▶ _Given material_
• • •

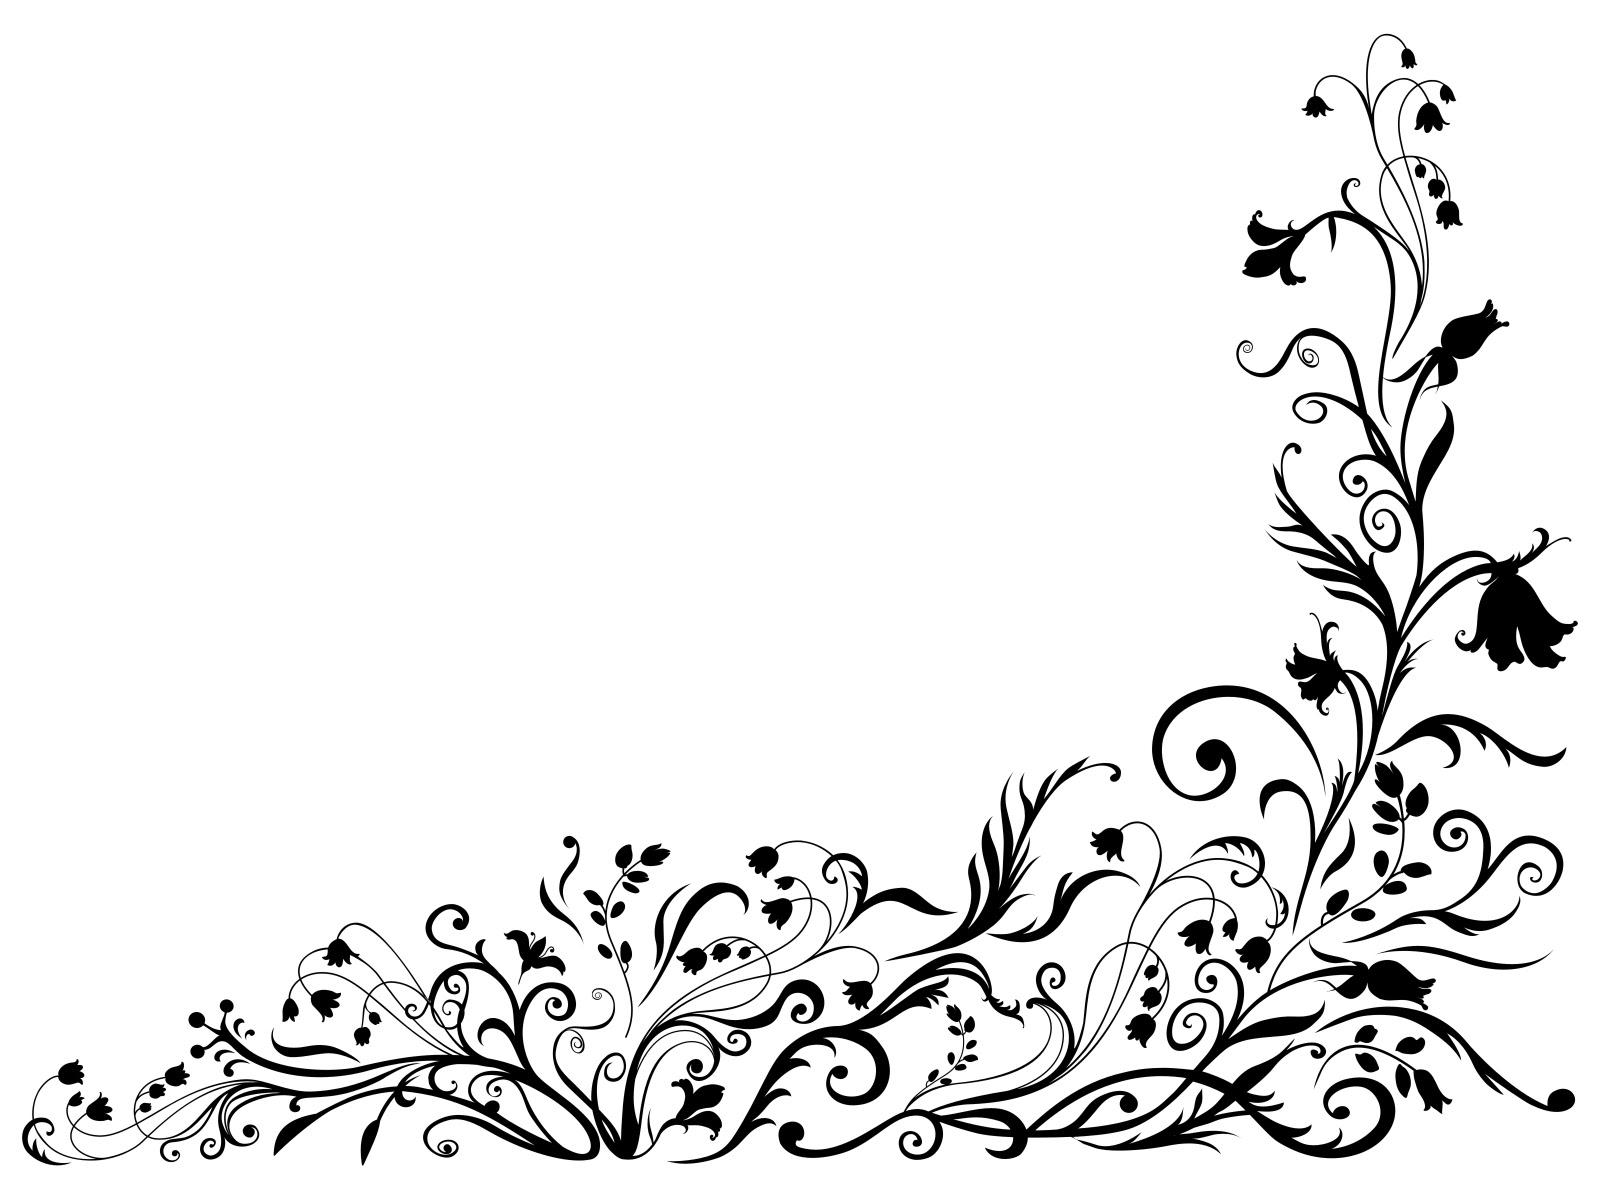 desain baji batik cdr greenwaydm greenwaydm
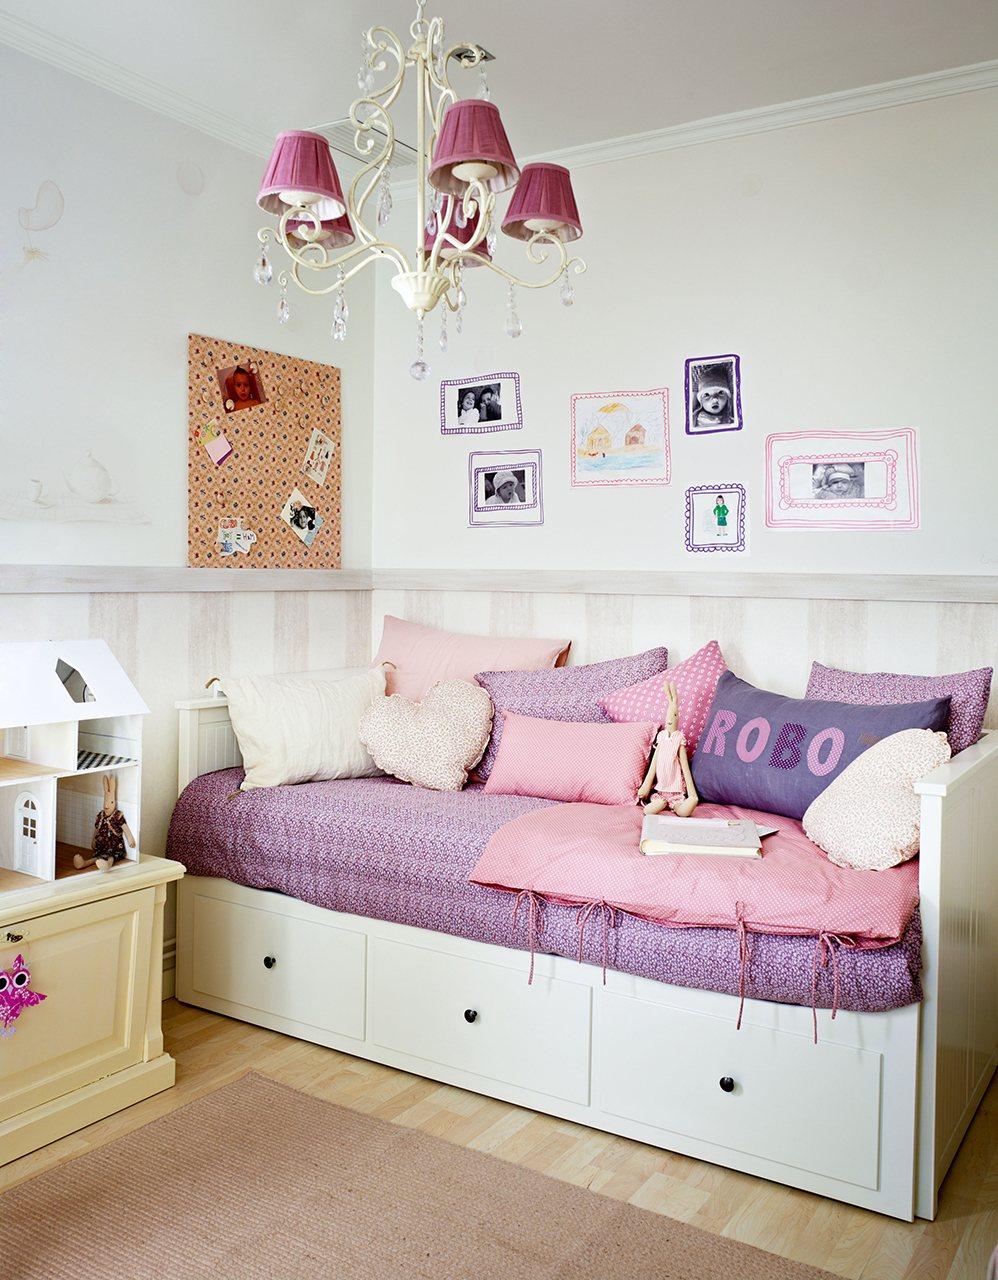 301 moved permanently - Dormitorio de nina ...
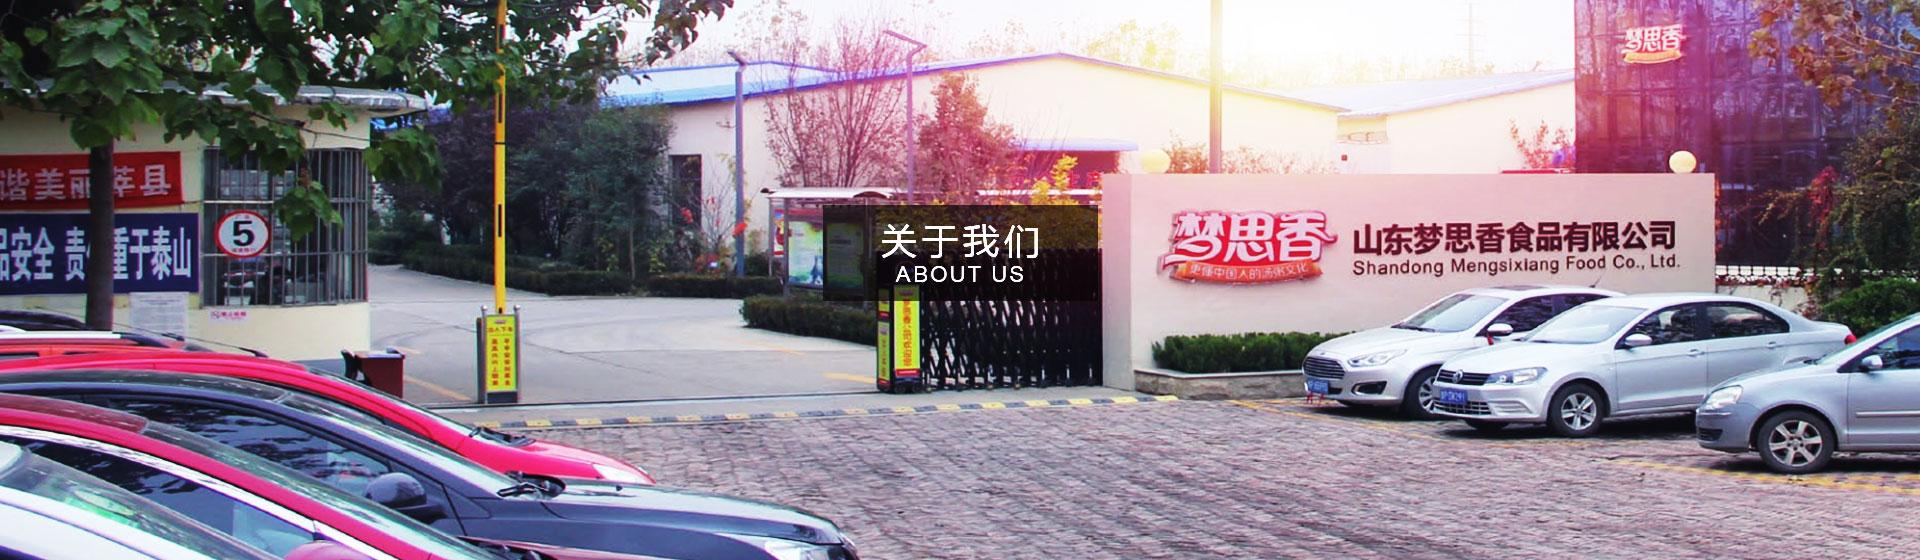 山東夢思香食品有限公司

• • •

▶ _Assignment_
Would you return the data above exactly as written, minus the images?

▶ _Problem solution_
 desain baji batik cdr greenwaydm greenwaydm
 301 moved permanently - Dormitorio de nina ...
 山東夢思香食品有限公司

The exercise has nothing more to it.